Russia Presses Offensive in Kursk Amid Cease-Fire Talks With U.S.

Russia Presses Offensive in Kursk Amid Cease-Fire Talks With U.S.


Moscow is pressing its offensive to retake the full territory of Russia’s Kursk region from Ukraine as negotiations between the White House and the Kremlin continue over a possible cease-fire in the three-year war.

Russia’s Defense Ministry said on Saturday that its forces had retaken two villages outside Sudzha, the main Russian town that Ukraine occupied since its surprise offensive into Russia last summer, but that it appears to have lost in recent days.
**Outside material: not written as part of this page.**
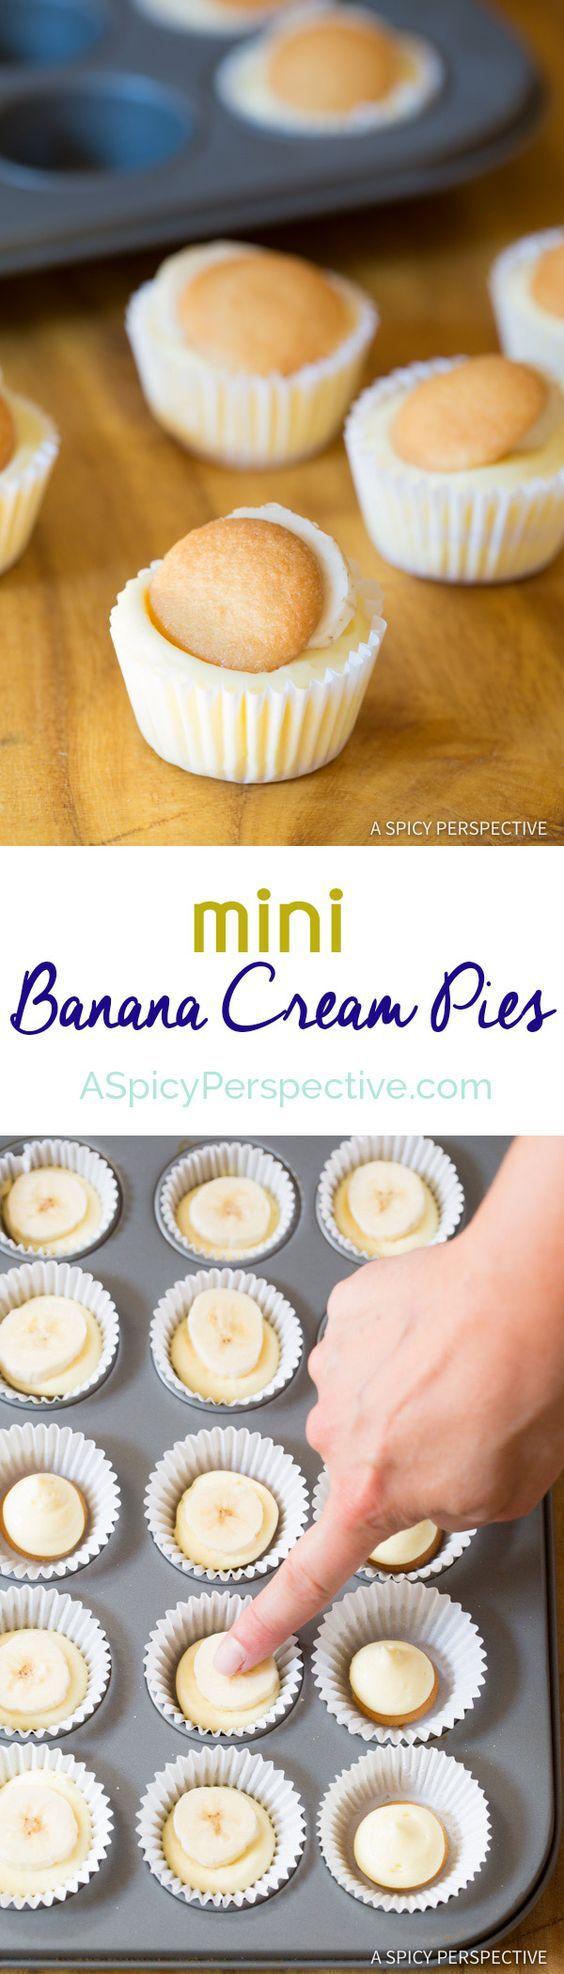 Fun to Make 6-Ingredient Mini Banana Cream Pie Recipe (Banana Pudding Tarts) on ASpicyPerspective...

Ukrainian officials did not immediately comment on Russia’s newest claim and have not confirmed a retreat by its forces from Sudzha.

Moscow’s apparent advances on the Kursk front came a day after President Vladimir V. Putin of Russia called on Ukrainian forces still fighting in the region to lay down their arms. Mr. Putin said he would spare their lives if they surrendered.
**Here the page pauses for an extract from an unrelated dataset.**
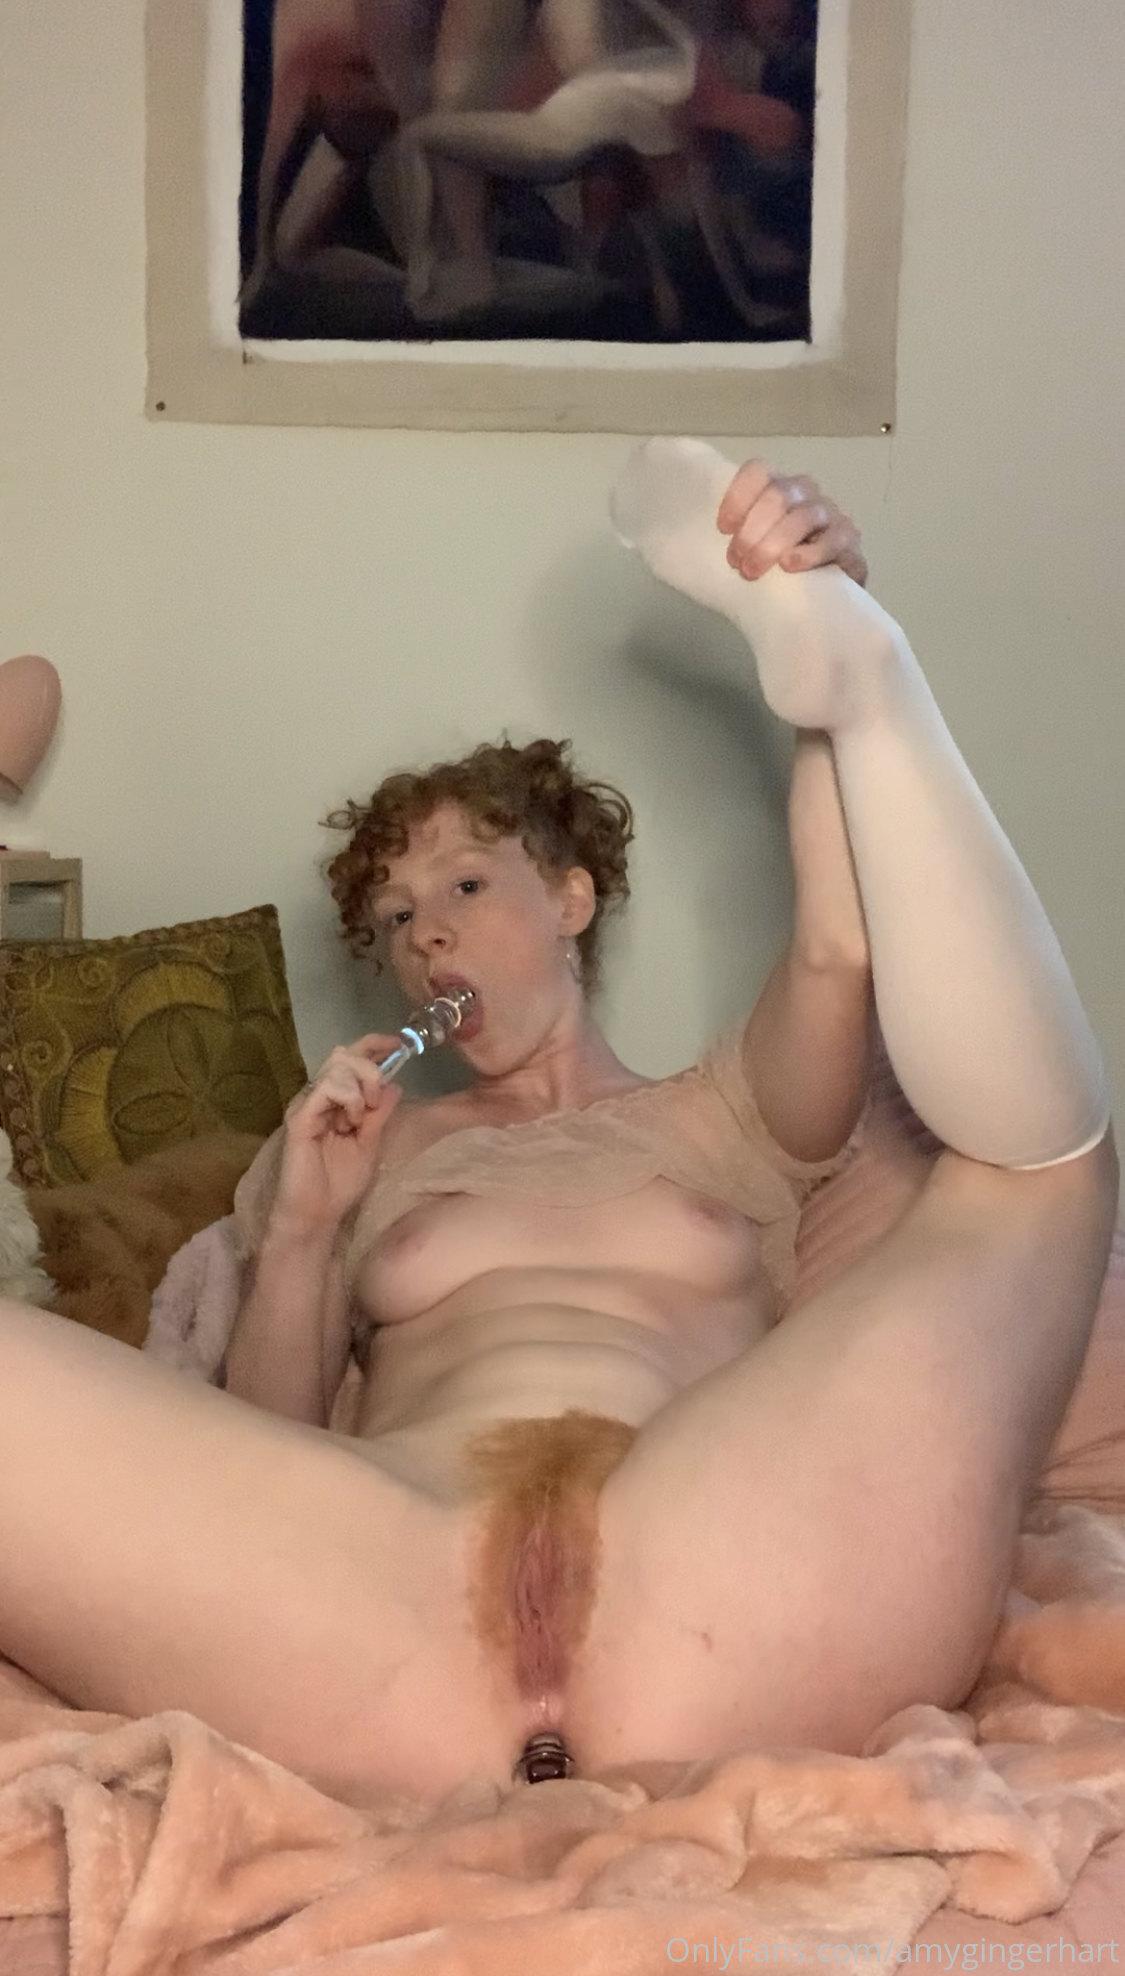 Amy Hart, Amygingerhart, Onlyfans 0175

The Russian leader has said that Ukrainian forces are encircled in the region, an assertion that President Trump repeated in a message on Truth Social. But Ukraine’s military said on Friday that “there is no threat of encirclement of our units,” calling the suggestion “false and fabricated by the Russians.”

The Kremlin spokesman, Dmitri S. Peskov, reiterated Mr. Putin’s demand in comments to the state news agency Tass on Saturday.

“It’s still valid,” Mr. Peskov said, although he added that “time was running out.”

Russia and Ukraine have both been ramping up their attacks. Overnight, Russia launched two Iskander-M ballistic missiles and 178 drones at Ukrainian cities, the Ukrainian authorities said. The missiles struck a residential district in Kryvyi Rih, President Volodymyr Zelensky’s hometown in central Ukraine, injuring 14 people, including two children, according to the local authorities.

The fighting has been fiercest of late in the Kursk region, where Russia hopes to eject Ukrainian forces from its territory, particularly given the possibility of a cease-fire. As the battlefield in Kursk shifted, Prime Minister Keir Starmer of Britain was convening a virtual summit on Saturday of global leaders committed to aiding Ukraine.

While Ukraine reeled from a temporary cutoff of U.S. military aid and intelligence assistance last week, Moscow stepped up its efforts to retake Kursk, escalating attacks in the area and on Ukraine’s side of the border in the Sumy region.

The Russian attacks there have included attempts to enter Ukrainian territory using small sabotage groups and increased shelling of the border and the regional capital, the city of Sumy, according to Ukrainian officials. A total of 161 explosions were reported in the region over the last night, officials said.

Shahed drones also targeted critical infrastructure in Sumy, leading to power outages and disruptions to the water supply, they said.

Small assault groups from Russia entered the northern border region of Ukraine on Friday but were pushed out, Andriy Demchenko, the spokesman for the State Border Guard Service of Ukraine, said in a phone interview.

“Their task is to break through and wedge their way in, but so far they haven’t succeeded,” Mr. Demchenko said.

He said that Russian forces had tried to use armored vehicles and three all-terrain vehicles to break through the border but had been unsuccessful. In their latest attempt, soldiers tried to enter Ukrainian territory on foot in small groups of up to five soldiers, he said.

Russia’s Defense Ministry also said that Russian engineering forces had begun demining areas that its forces had retaken in the Kursk region near the border with Ukraine.